13. The care apparatus according to claim 1 or 2, wherein the control system is further configured to output corresponding pressure prompt information based on different pressure parameter values corresponding to the first electrode and/or the second electrode.

14. The care apparatus of claim 1 or 2, wherein the control system is further configured to; controlling operation of the at least one care system based on the elasticity value.

15. The care apparatus according to claim 1 or 2, wherein the control system is further configured to generate a first detection result based on the elasticity value of the care object; and outputting first result prompt information corresponding to the first detection result.

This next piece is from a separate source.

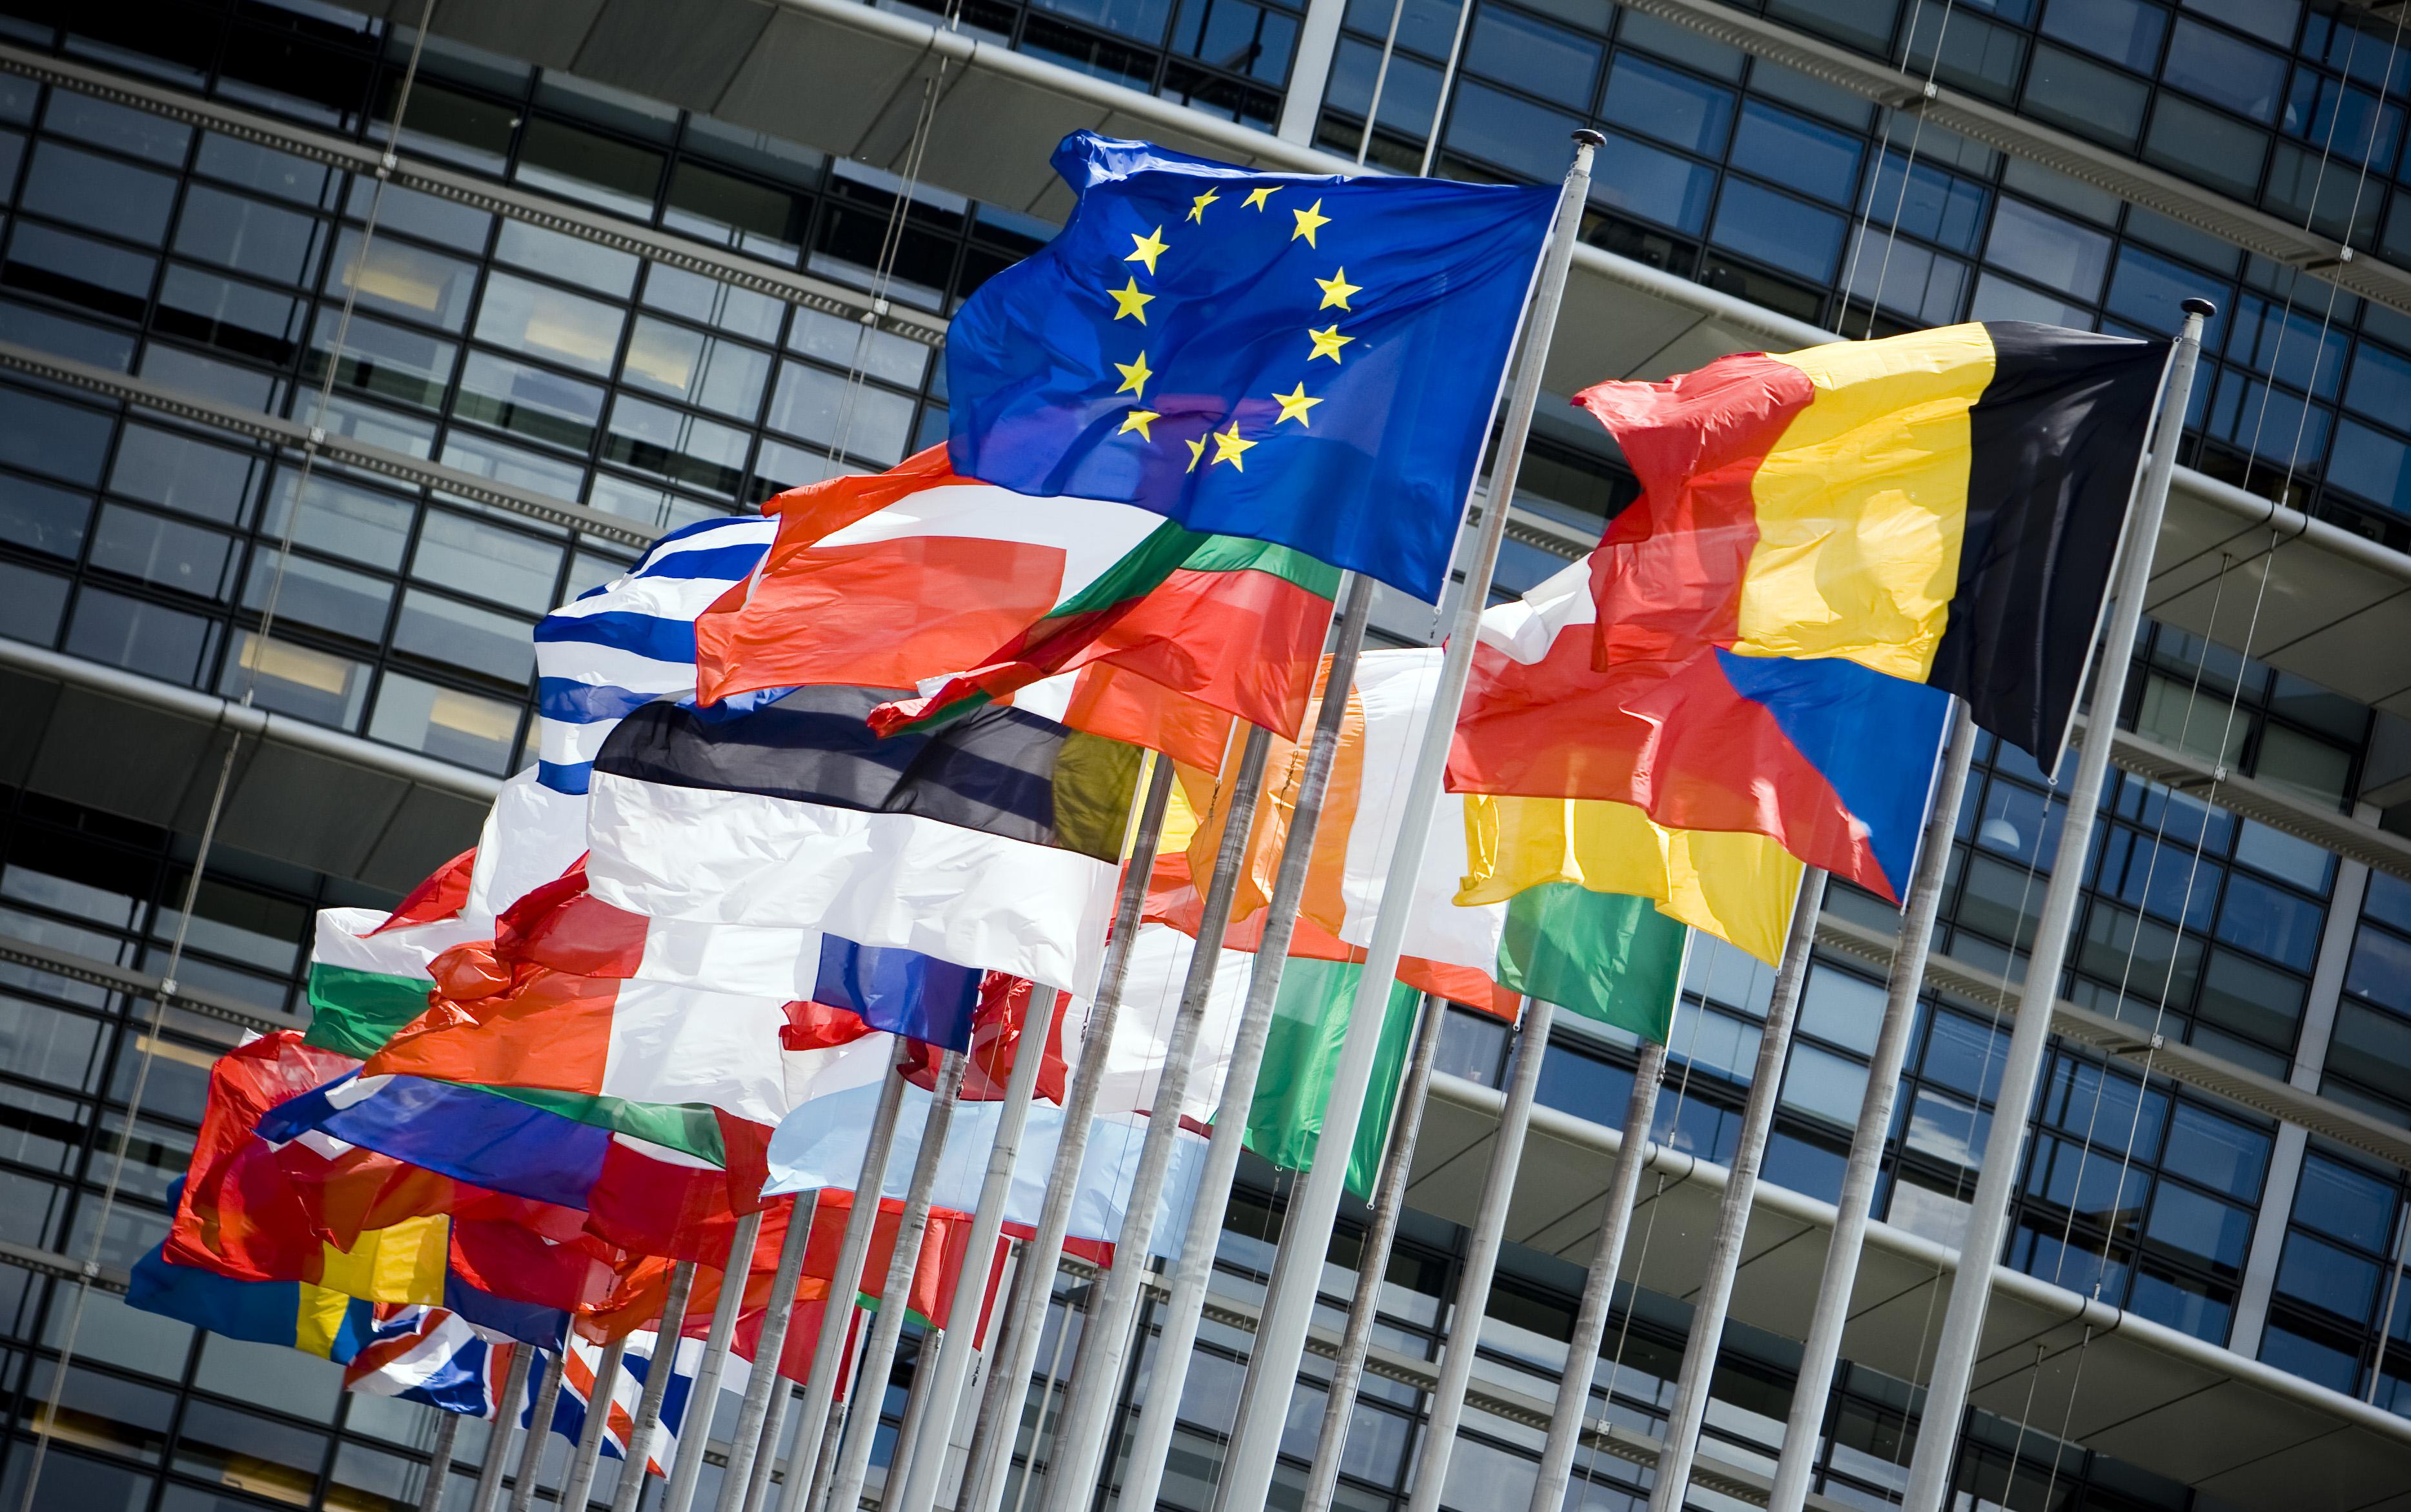 البرلمان الأوروبي يتبنى قرار شرعية المطلب الفلسطيني بدولته
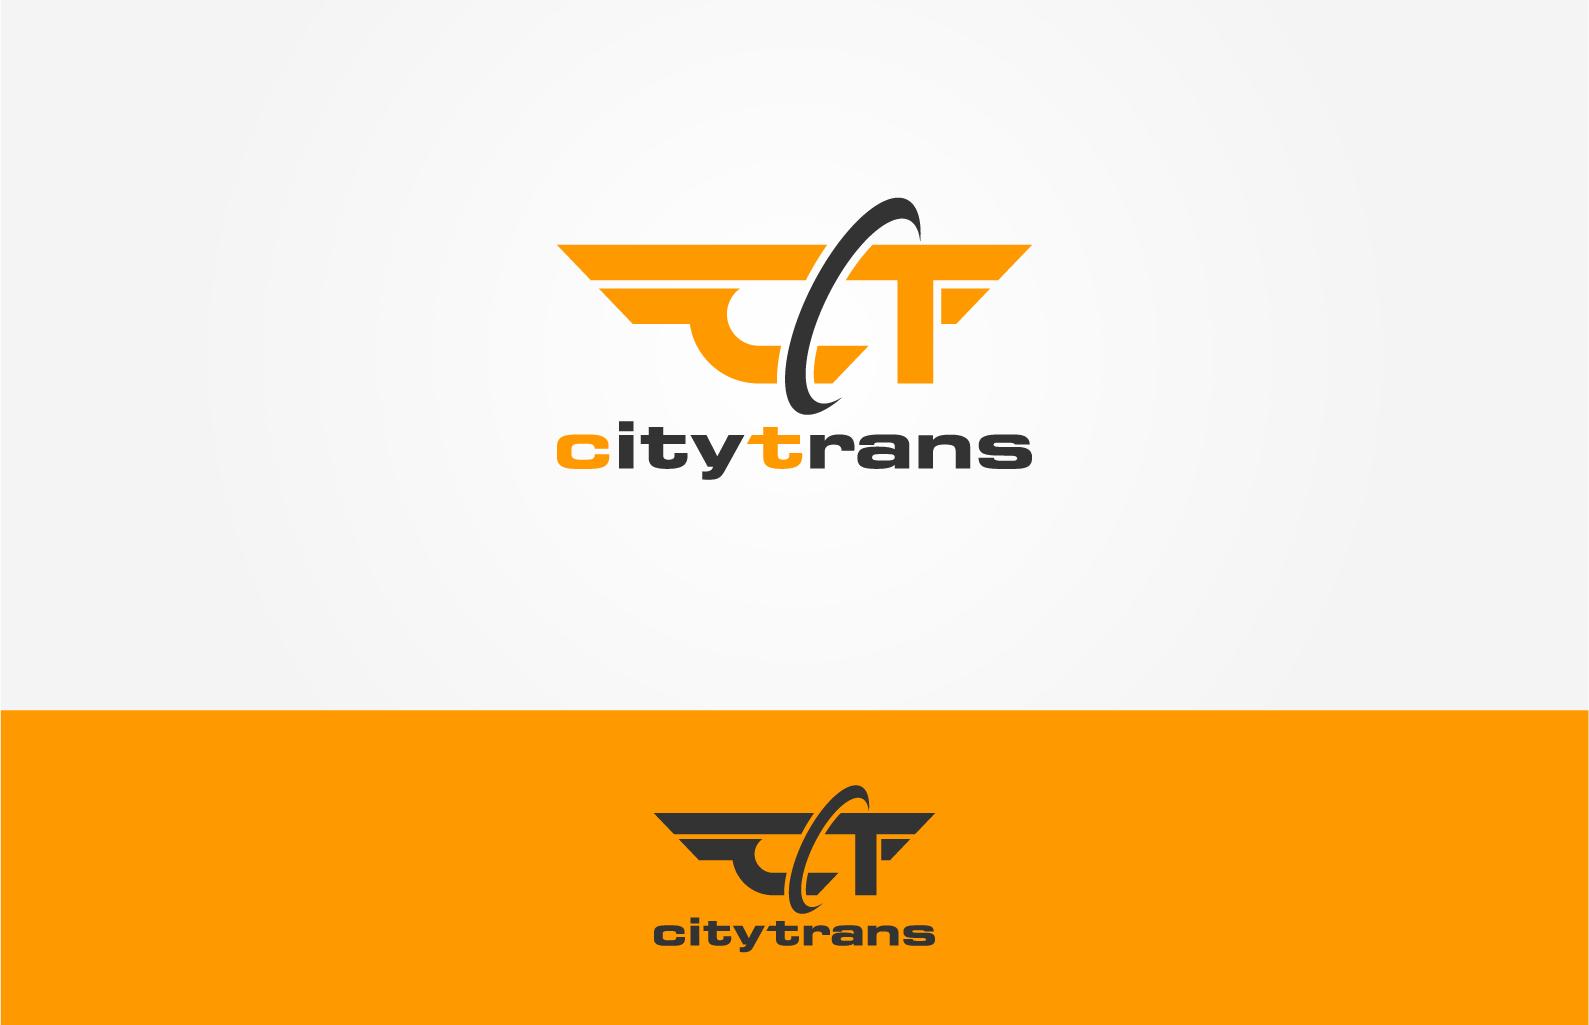 Разработка Логотипа транспортной компании фото f_2135e6d115aad038.jpg

16. The care apparatus according to claim 1 or 2, wherein the control system is further configured to obtain a historical elasticity value based on the elasticity value of the care subject and the historical detection, and generate a second detection result; and outputting second result prompt information corresponding to the second detection result.

17. The care apparatus as recited in claim 1 or 2, wherein said apparatus body includes a first body and a second body; the second machine body comprises an upper cover and a lower cover; the upper cover and the lower cover are buckled to form a first cavity, and an operation surface is arranged on the upper cover; and the operation surface of the upper cover is provided with a through hole which is matched with an electrode in the electrode assembly to enter and exit.

18. The care apparatus as recited in claim 17, wherein said upper cover is provided therein with a waterproof coating covering an operation face, said waterproof coating being provided with a through hole for fitting in and out of an electrode in said electrode assembly.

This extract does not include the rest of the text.